Promoting the pedestrian experience and sustainable mobility

  • Reduce the presence of cars: relocate parking to underground areas to free up space for pedestrians and green areas.
  • Move toward a pedestrian-friendly campus: reconnect the northern and southern parts of campus by calming traffic on Sherbrooke Street West while improving overall accessibility through enhanced entry points, inviting pedestrian pathways and universal access to all buildings and infrastructure.
  • Active mobility: expand cycling infrastructure and enhance shuttle services between campuses.

Sir George Williams Campus: a thriving urban hub

As an integral part of Montreal’s urban core, the Sir George Williams Campus development plan focuses on strengthening institutional presence, optimizing public spaces and improving mobility. Key priorities include:

Identifying and defining campus spaces

  • Define the footprint of the Concordia campus in downtown Montreal: expand facilities to increase Concordia’s visibility and engagement within the city.
  • Make the campus presence felt and showcase the institution: enhance signage to create a clear and welcoming transition between the university and the city streets.
  • Increase the visibility of the university and its key features: strengthen visual connections between public and university spaces, highlight the campus’ downtown presence through exhibition areas and build lasting partnerships with local partners to integrate the campus into its urban environment.

Consolidating the institutional core

  • Consolidate the university campus: reaffirm the university’s historic presence as a central player in western downtown by concentrating activities around key hubs and clarifying the campus layout around its original institutional core.
  • Optimize the building stock: optimize the use of existing buildings by redeveloping underutilized spaces, ensuring universal accessibility and renovating facilities to meet best practices in energy efficiency and space quality.
  • Increase campus density: redevelop or acquire properties suited to university needs and densification while divesting from non-strategic ones, prioritizing sustainability, accessibility and inclusivity with the support of the Sir George Williams, Concordia and neighbouring communities.

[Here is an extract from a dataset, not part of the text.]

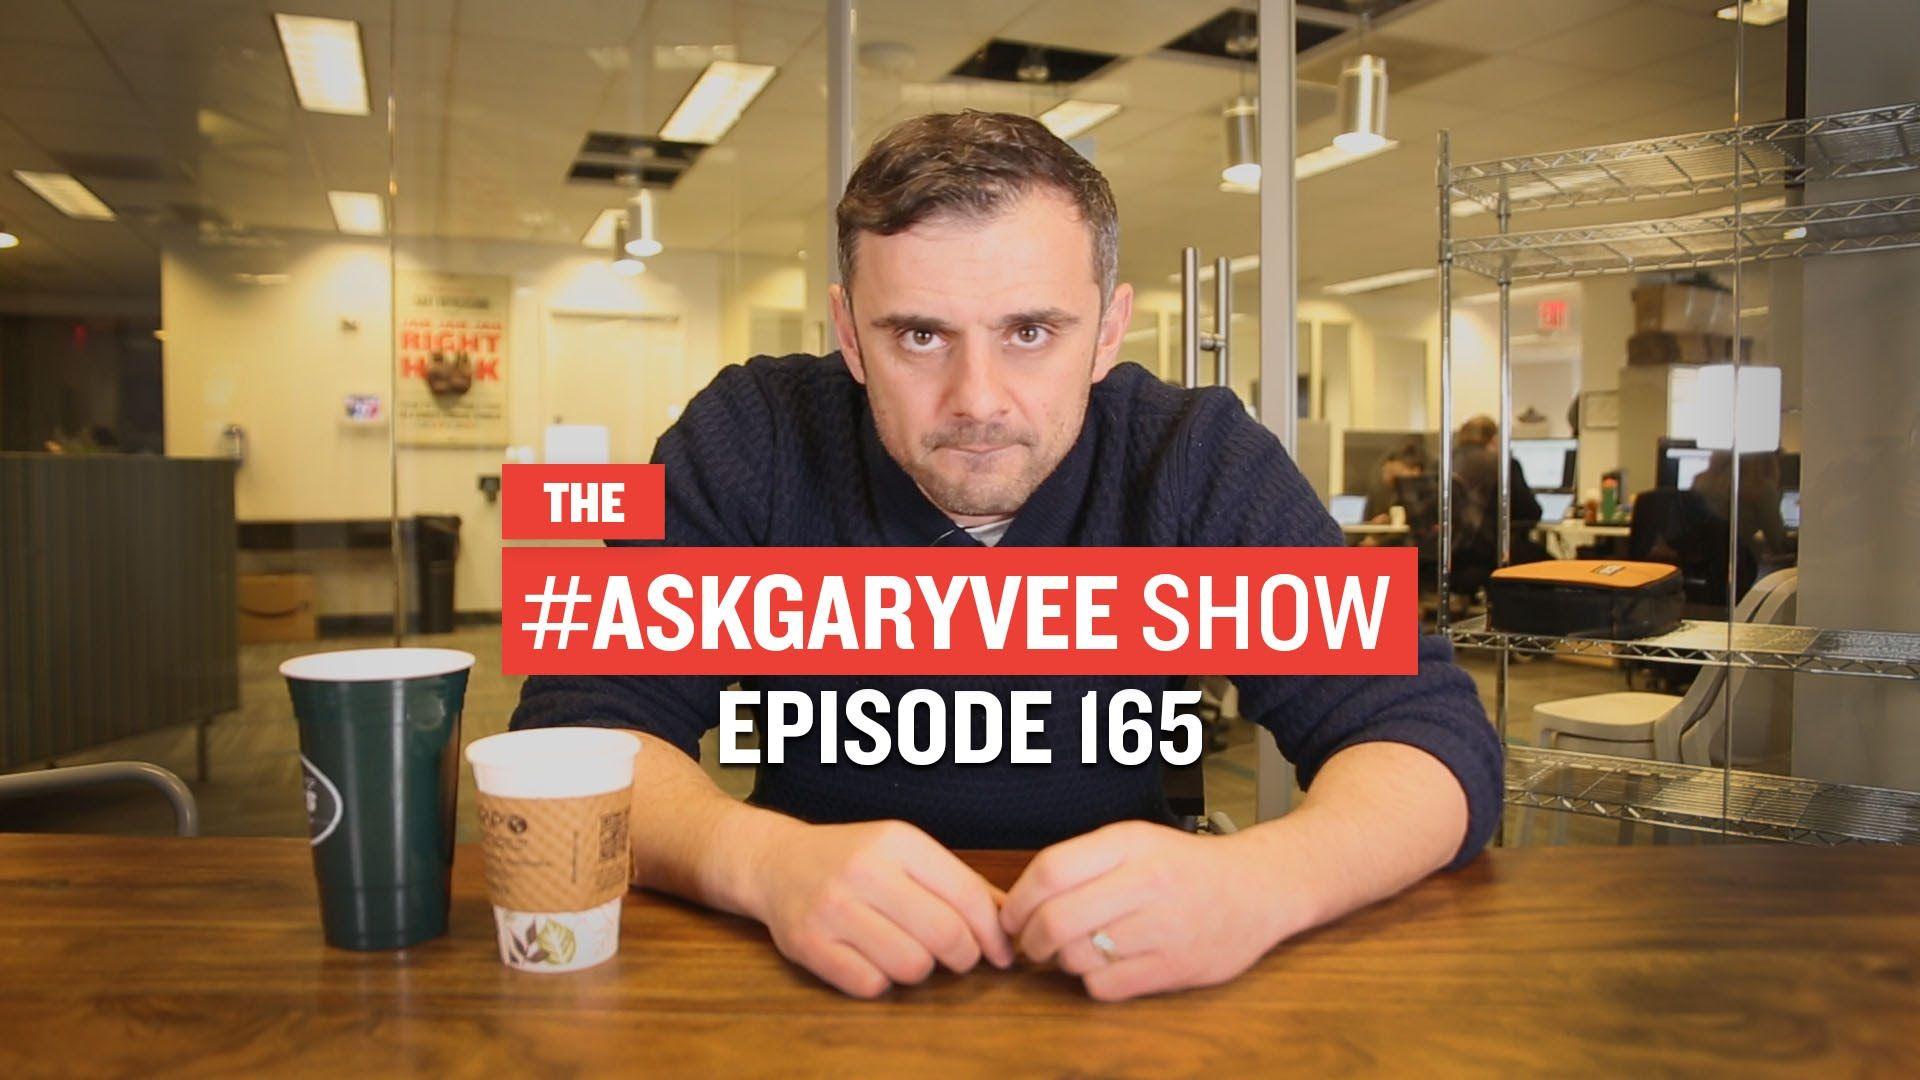 AskGaryVee Episode 165 Billboards, Production Capacity

Revitalizing the campus' public spaces through the transition to sustainable mobility

  • A pedestrian-friendly campus: reduce vehicle dominance and prioritize walkability across campus streets.
  • Support the growth of active transportation modes: strengthen sustainable mobility by ensuring continuous, year-round protected cycling routes, expanding bike infrastructure and strategic parking and improving integration with public transit near Guy-Concordia.

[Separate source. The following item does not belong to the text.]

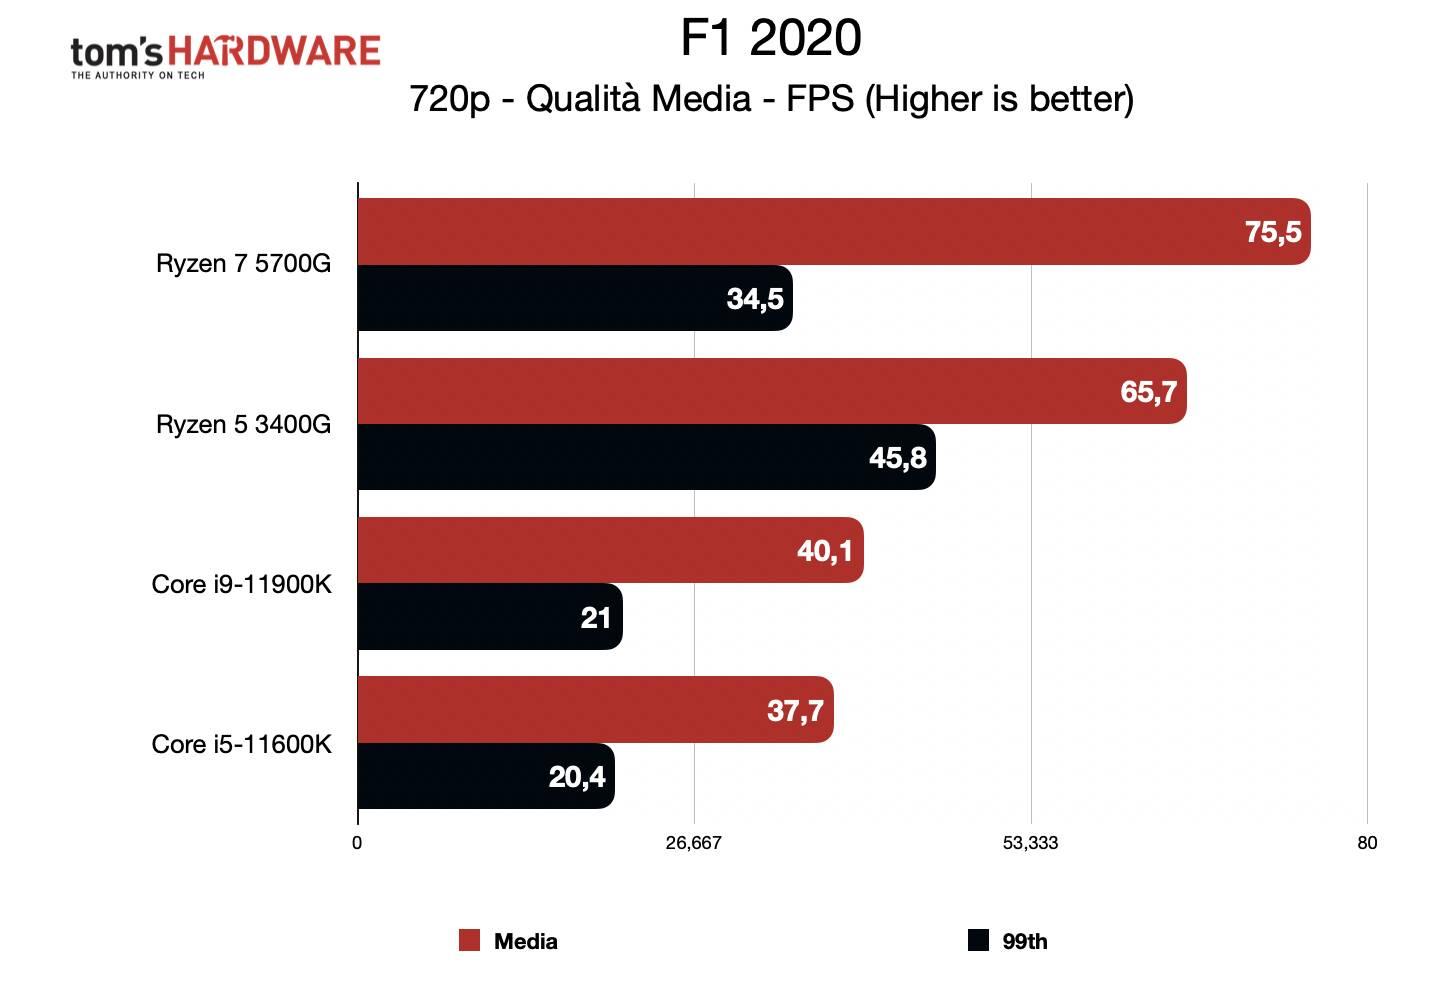 Benchmark Ryzen 7 5700G - Grafica integrata 720p - F1 2020

Elevating the quality of downtown outdoor spaces

  • Contribute to urban ecology: prioritize campus greening by enhancing outdoor spaces with vegetation, expanding the tree canopy and permeable surfaces and integrating rooftops and facades into a sustainable approach to climate and stormwater management.
  • Highlight the former Grey Nuns’ property: enhance the park as a key asset in a dense urban environment by integrating it into a next-generation university committed to heritage, reconciliation and decolonization, while ensuring north-south continuity and adapting vegetation to site identity and uses.
  • Integrate outdoor spaces into the core of the academic mission: use these spaces as research tools and expand initiatives that allow the Concordia community to benefit from them.

Diversifying the spaces that support university life

  • Make use of every opportunity: revitalize underutilized campus spaces — such as terraces, alleys and the underground network — by making them accessible, safe and inviting for the university community, maximizing their potential for year-round use.
  • Open up to the Concordia and Montreal communities: ensure spaces are inclusive in both design and values, drawing on each location’s unique character and atmosphere to guide their development.
  • Promote a thriving campus life: create flexible, year-round, accessible spaces that form a cohesive network, structure the campus, enhance spatial understanding and adapt to diverse user needs through varied configurations.